残念ながら、他作品から抜きんでるのに不可欠な独創性に欠けている。アート・スタイルは目を見張る大胆さだし、文化的フォーカスも独創的だが、ゲームプレーと全体的なデザインが足枷となり、無難なアクション・アドベンチャーに落ち着いている。

6.0/10 TheSixthAxis
良い点:
・タラフマラ族の文化と民話を掘り下げている
・最高のボス戦
・移動が苦痛ではない広大なエリア
悪い点:
・より優れた似たゲームプレーを備えたゲームが他に存在する
・フレームレートが不安定なSwitch版
・かなり短め

タラフマラ族の民話を掘り下げているのは嬉しいものの、『Mulaka』は極めてありきたりなアクション・アドベンチャーだ。

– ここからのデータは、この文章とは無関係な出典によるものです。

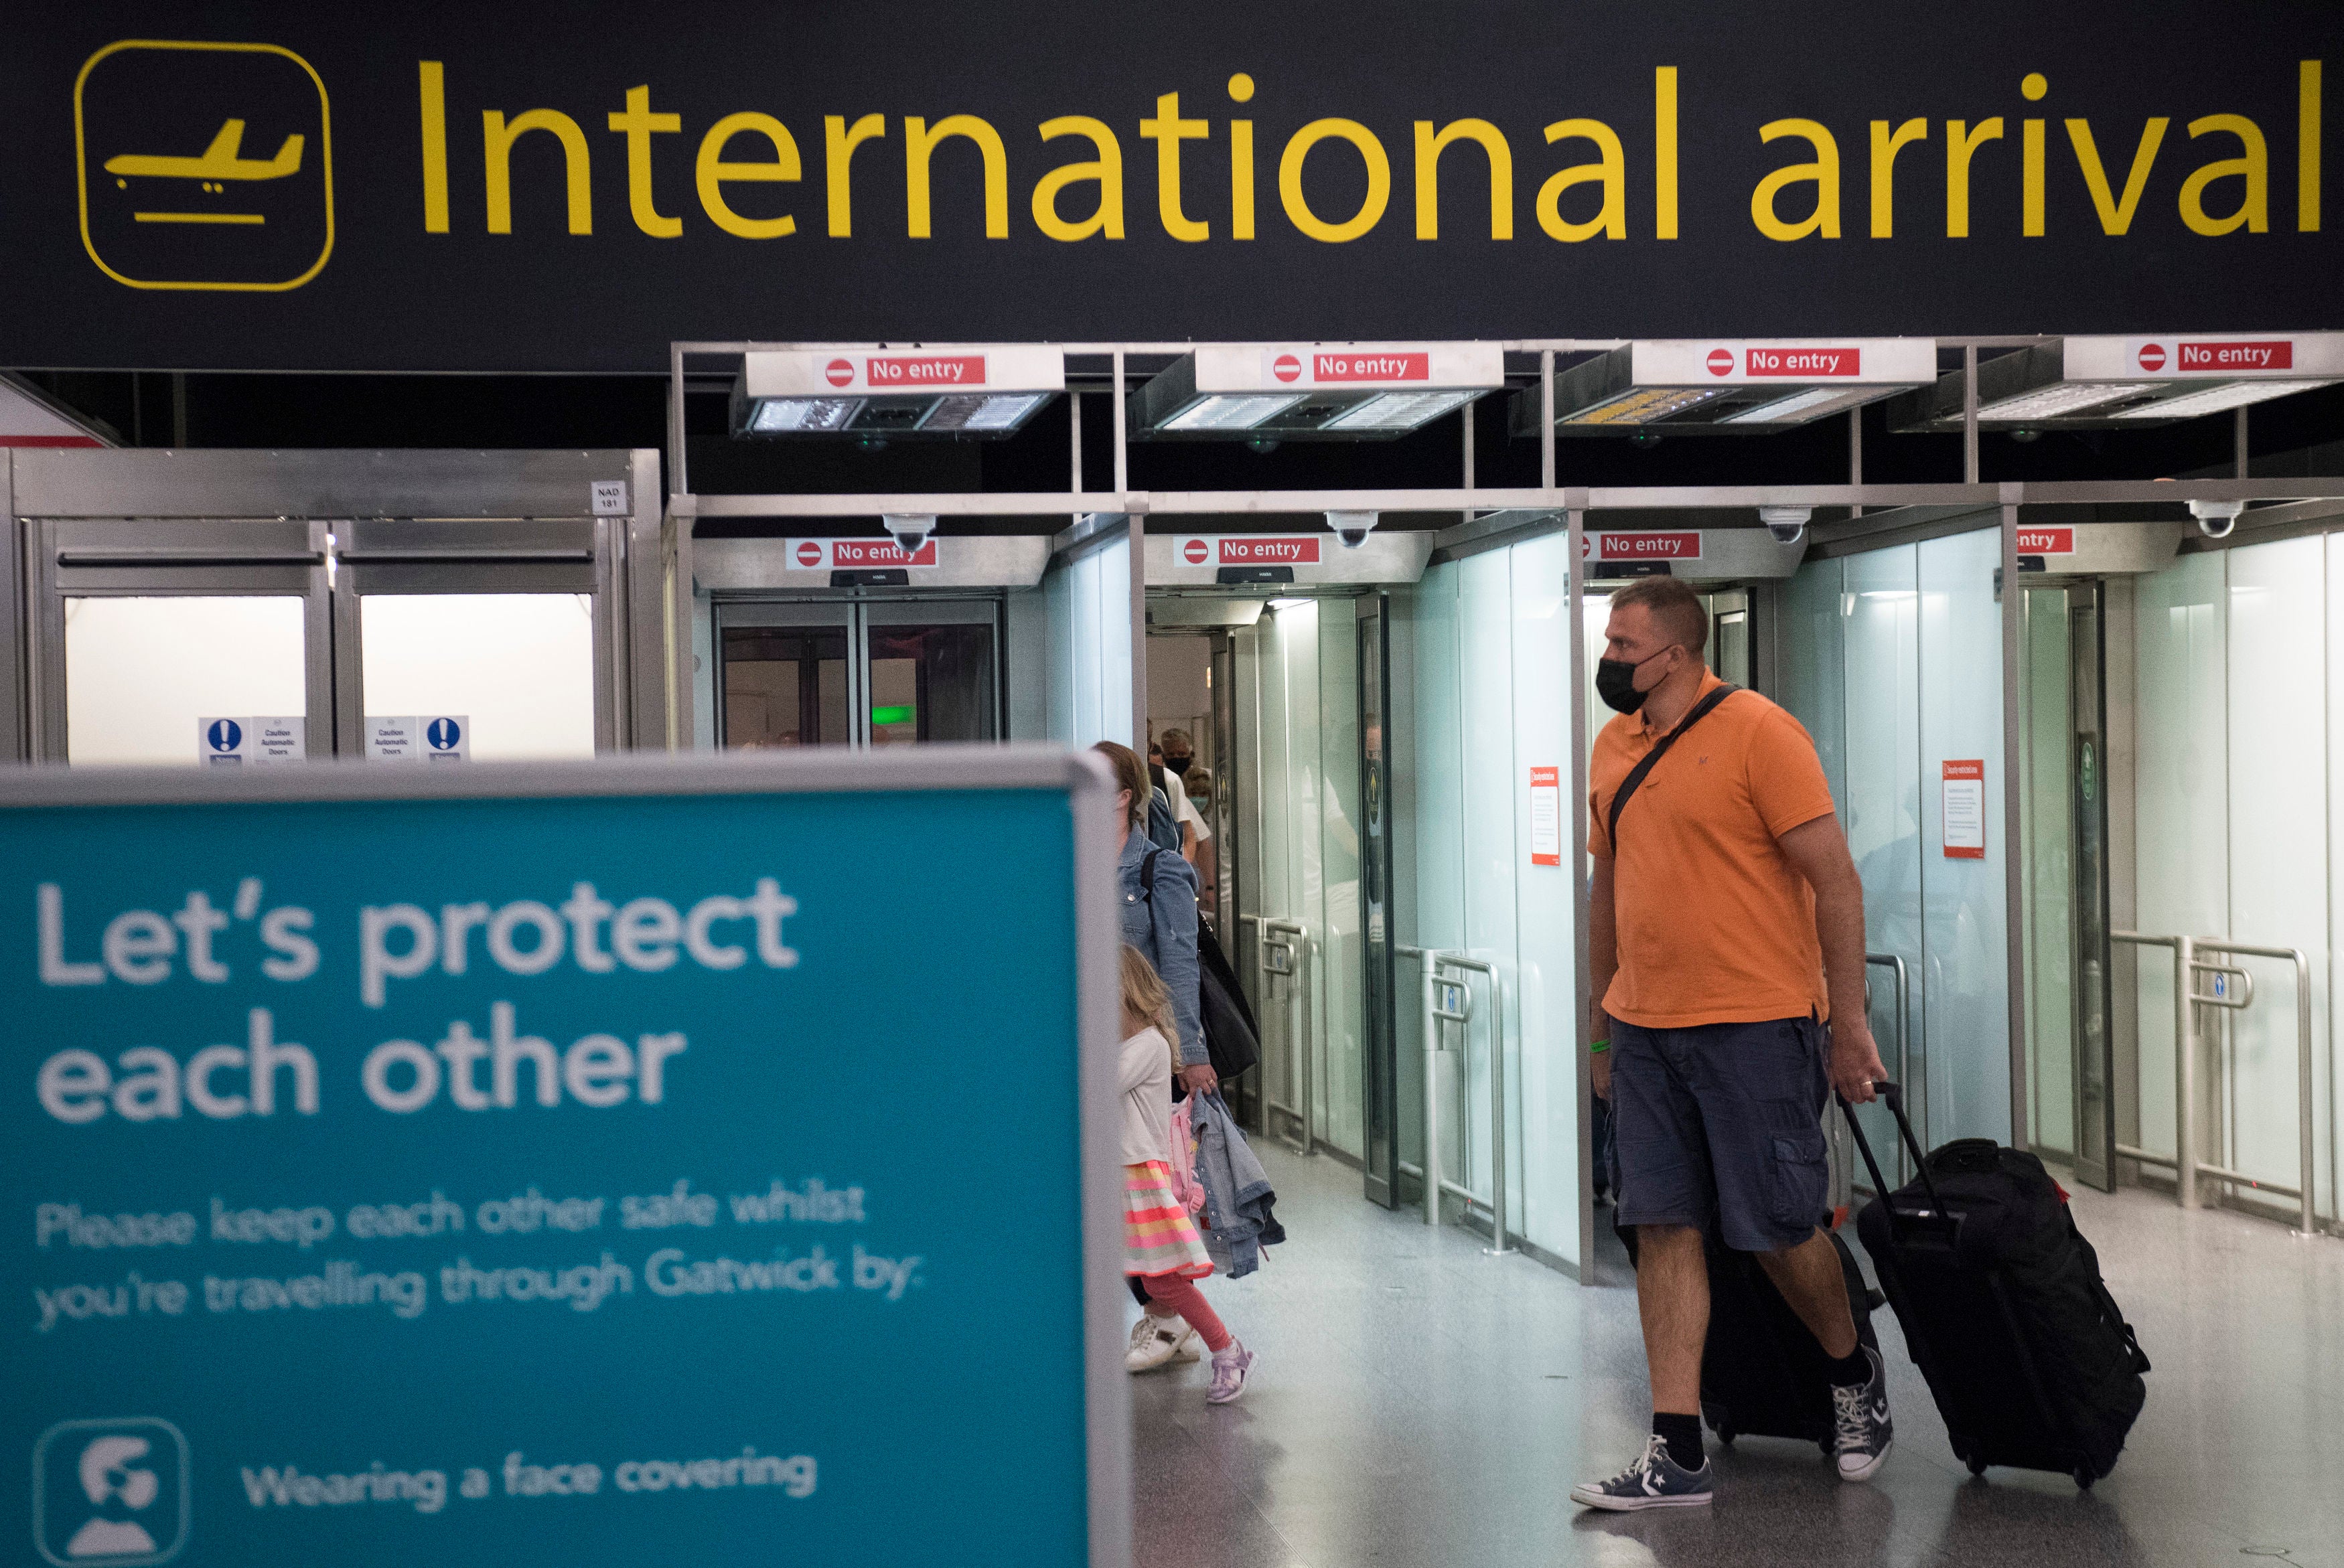 Gatwick Airport has many flights to amber list destinations

素晴らしいアイデアが顔を覗かせることもあるとはいえ、全体の構造は極めて古臭く、題材だけが唯一の救いとなっている。ゲームとしては目新しさが全くないが、文化的知見としては見どころが多い。

5.7/10 Worth Playing
『Mulaka』はリスクを冒して失敗している。物語と目的は魅力的だが、ゲームプレーとビジュアルは物足りない。良く出来ている部分はあるし、魅了される人もいるだろうが、全体の粗削りな出来が足枷となっている。